Opinion
NO. WR-80,923-01
12-16-2020
ON APPLICATION FOR POST-CONVICTION WRIT OF HABEAS CORPUS FROM CAUSE NO. F-0900409-Y IN CRIMINAL DISTRICT COURT NO. 7 DALLAS COUNTY
Per curiam. ORDER
This is an application for a writ of habeas corpus filed pursuant to the provisions of Texas Code of Criminal Procedure Article 11.071.
In May 2012, a jury convicted Applicant of the capital murder of Alfredo Gallardo in the course of committing or attempting to commit robbery. See TEX. PENAL CODE § 19.03(a)(2). The jury answered the special issues submitted under Article 37.071 of the Texas Code of Criminal Procedure, and the trial court, accordingly, set punishment at death. This Court affirmed Applicant's conviction and sentence on direct appeal. Harris v. State, No. AP-76,810 (Tex. Crim. App. May 21, 2014) (not designated for publication).

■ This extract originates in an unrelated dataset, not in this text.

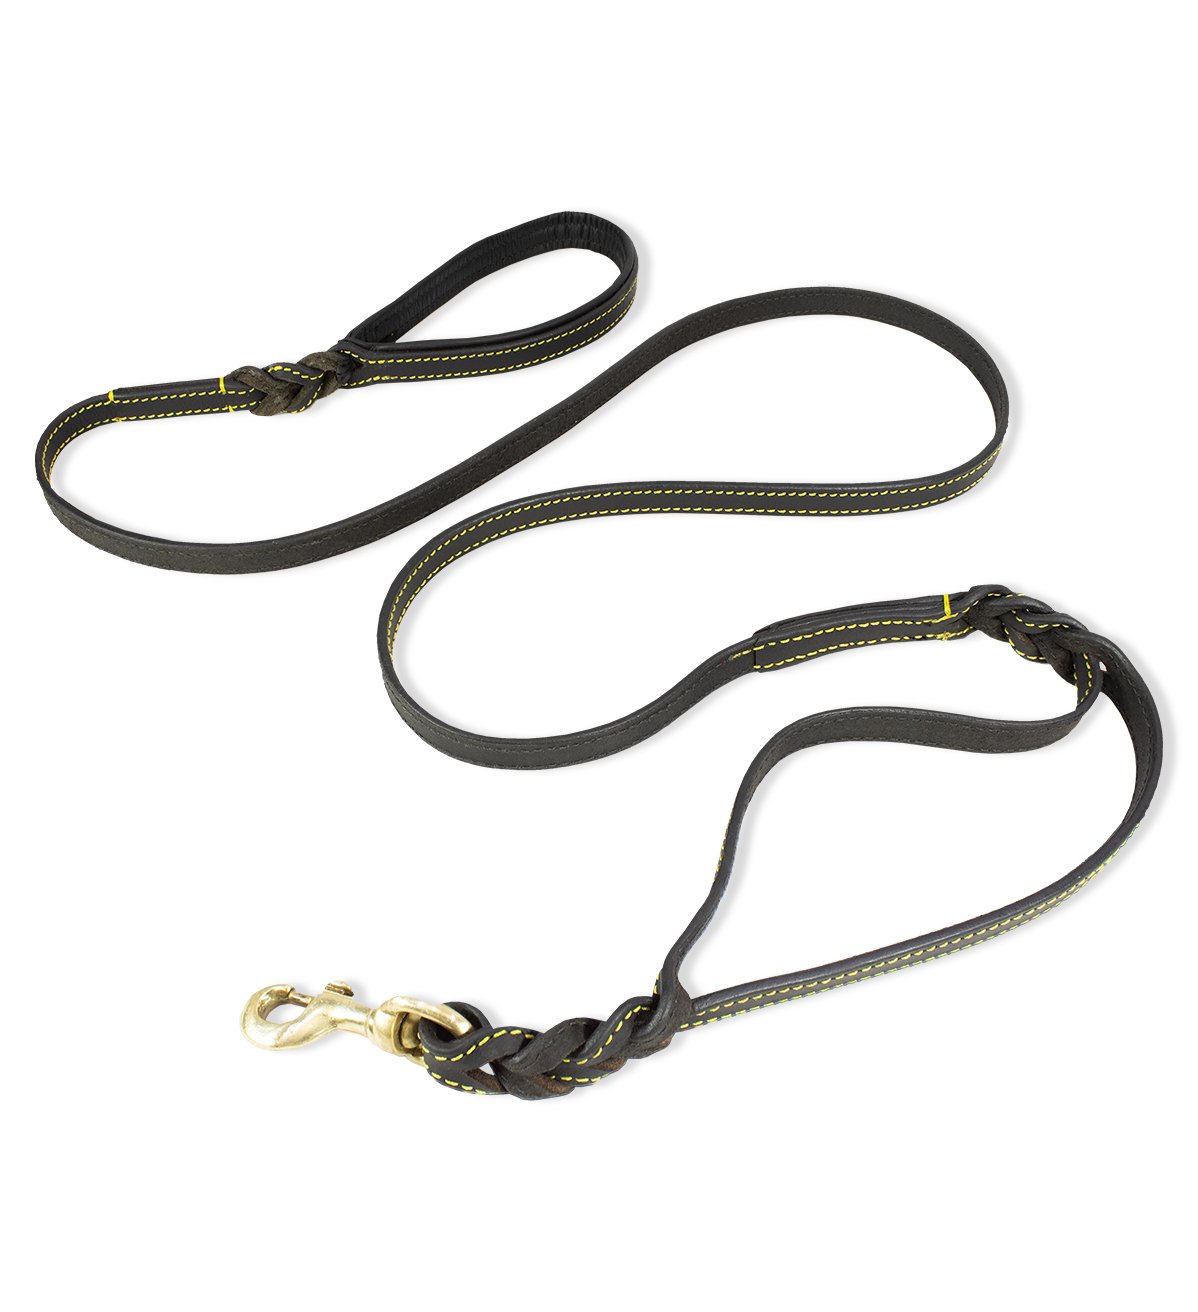 Dual Handle Dog Leash – #PA-3-06D

Unless otherwise indicated, all references to "Articles" refer to the Texas Code of Criminal Procedure.
In his application, Applicant presents six claims challenging the validity of his conviction and sentence. The trial court held an evidentiary hearing, entered findings of fact and conclusions of law, and recommended that we deny the relief that Applicant seeks.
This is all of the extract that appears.